Playing with simulations

I hope it is now clear the reason why p-values and Bayes factors have in principle nothing to do with each other, and why p-values are not only responsible of unjustified claims of discoveries, but might also relegate genuine signals to the level of fluke, or reduce their `significance', the word now used as normally understood and not with the `technical meaning' of statisticians. But since I know that many might not be used with the reasoning just shown, I made a little R script[56], so that those who are still sceptical can run it and get a feeling of what is going on.

# initialization
mu.H0 <- 0; sigma.H0 <- 1
mu.H1 <- 0; sigma.H1 <- 1e-3
p.H1  <- 1/2
mu    <- c(mu.H0, mu.H1)
sigma <- c(sigma.H0, sigma.H1)

# simulation function
simulate <- function() {
  M <- rbinom(1, 1, p.H1); x <- rnorm(1, mu[M+1], sigma[M+1])
  x <- rnorm(1, mu[M+1], sigma[M+1])
  p.val <- 2 * pnorm(mu[1] - abs(x-mu[1]), mu[1], sigma[1]) 
  BF <- dnorm(x, mu[2], sigma[2]) / dnorm(x, mu[1], sigma[1])
  lBF <- dnorm(x, mu[2], sigma[2], log=TRUE) - dnorm(x, mu[1], sigma[1], log=TRUE)
  cat(sprintf("x = %.5f  =>  p.val = %.2e,  BF = %.2e  [ log(BF) = %.2e ]\n",
              x, p.val, BF, lBF))
  return(M)
}

By default $H_0$ is simply a standard Gaussian distribution ($\mu=0$ and $\sigma=1$), while $H_1$ is still a Gaussian centered in 0, with a very narrow width ($\sigma=1/1000$). The prior odds are set at 1 to 1, i.e. $P(H_1)=P(H_0)=1/2$. Each call to the function simulate() prints the values that we would get in a real experiment (x, p-value, Bayes factor and its log) and returns the true model (0 or 1), stored in a vector variable for later check.
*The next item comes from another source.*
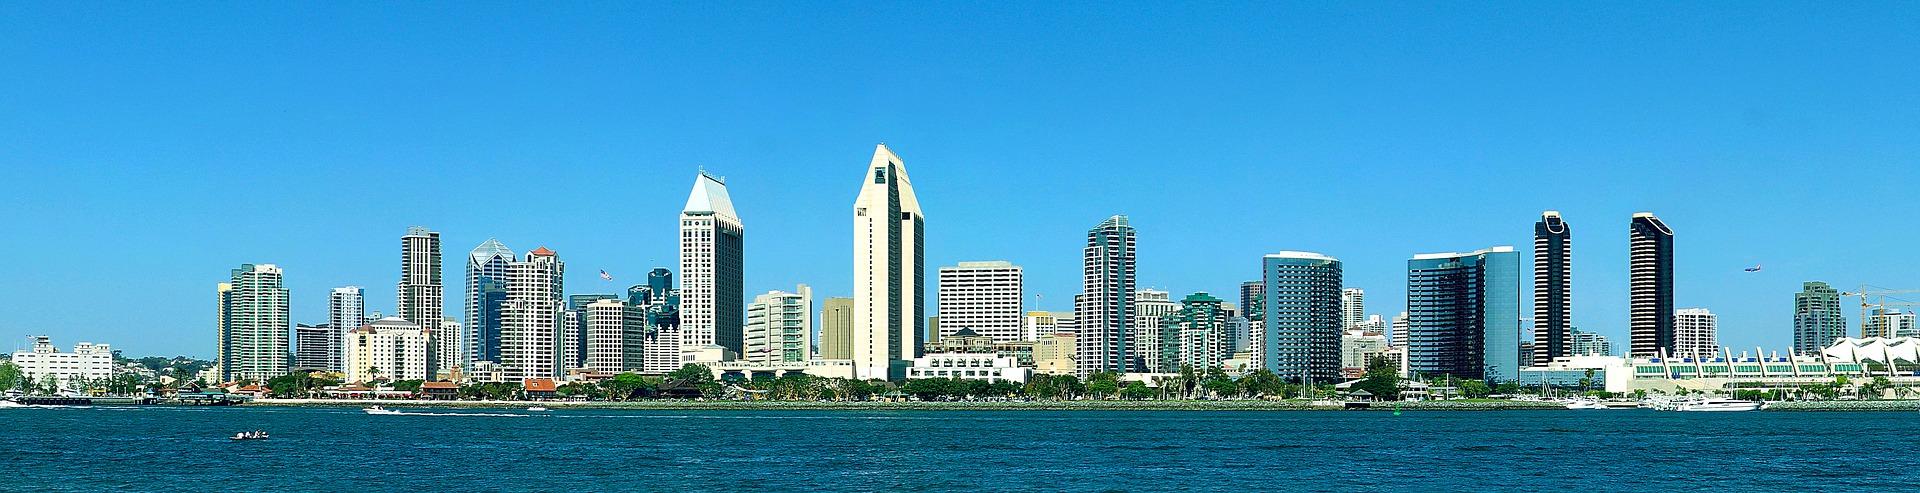 San Diego surpasses Los Angeles in home unaffordability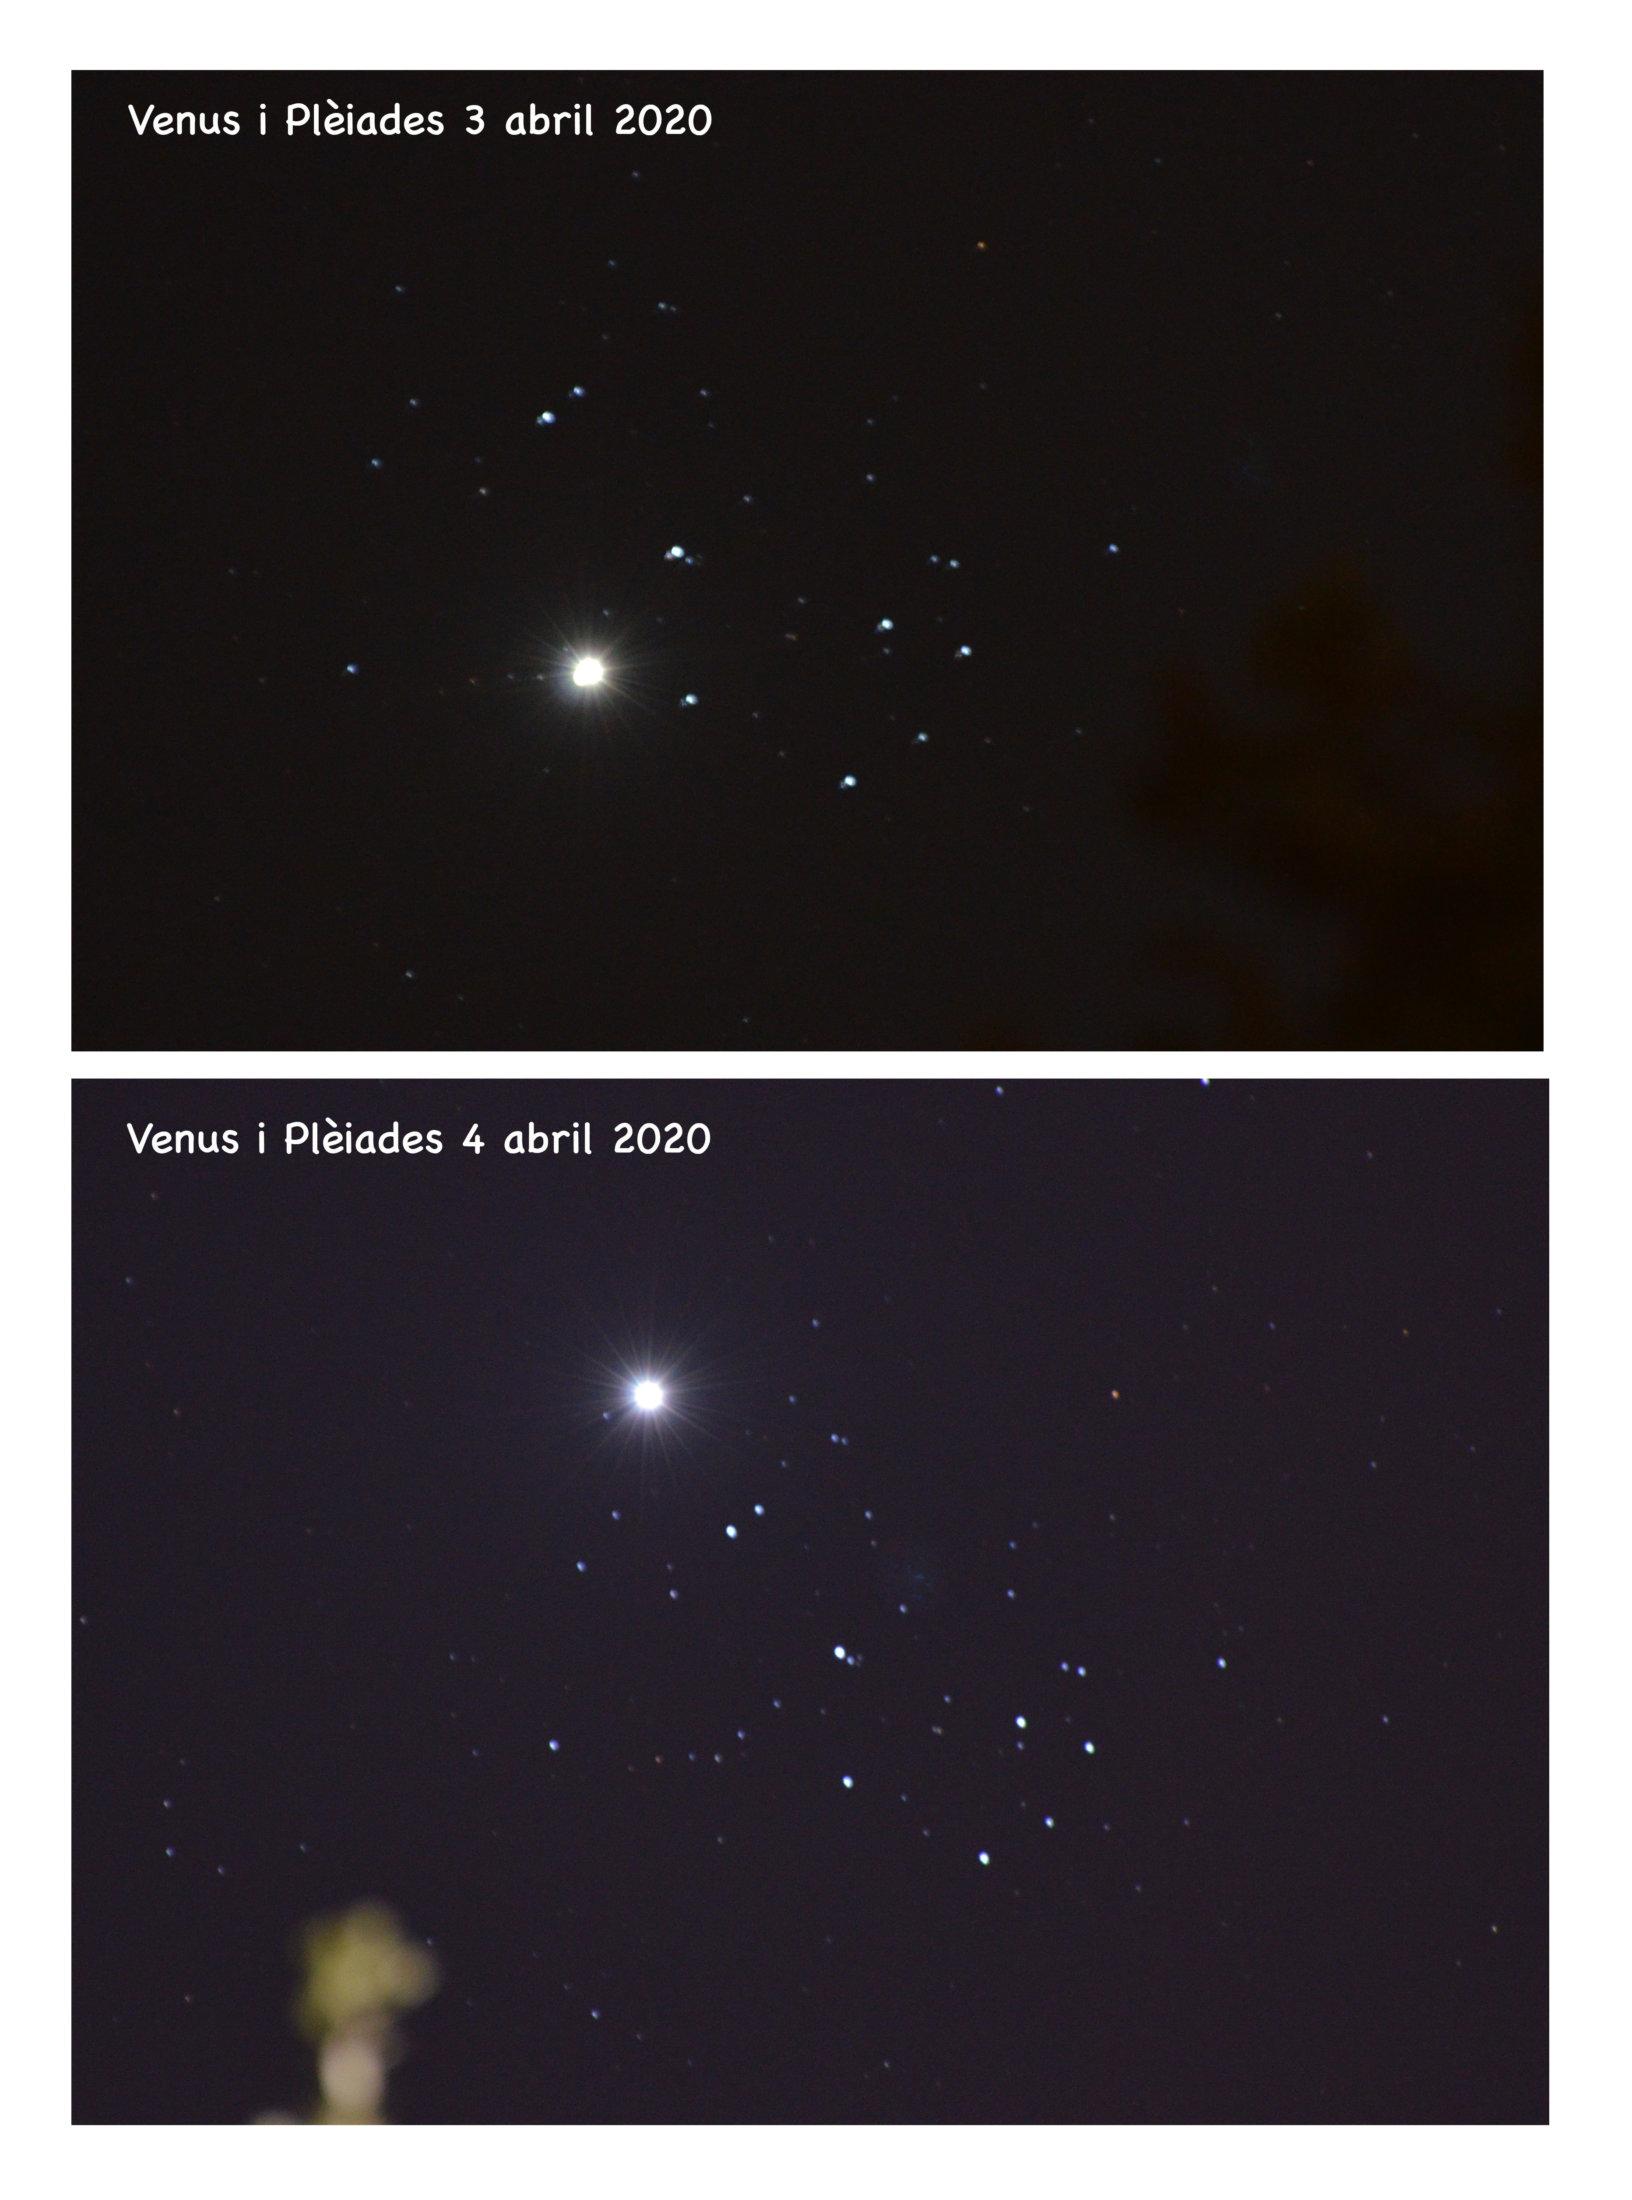 Venus i Pleiades - Mercè Monzonís

In this way you can try to infer what was the real cause of x before knowing the `truth' (in simulations we can, in physics we cannot!). Here are the results of a small run, with x = 12 chosen in order to fill the page, thus postponing the solution to the next one.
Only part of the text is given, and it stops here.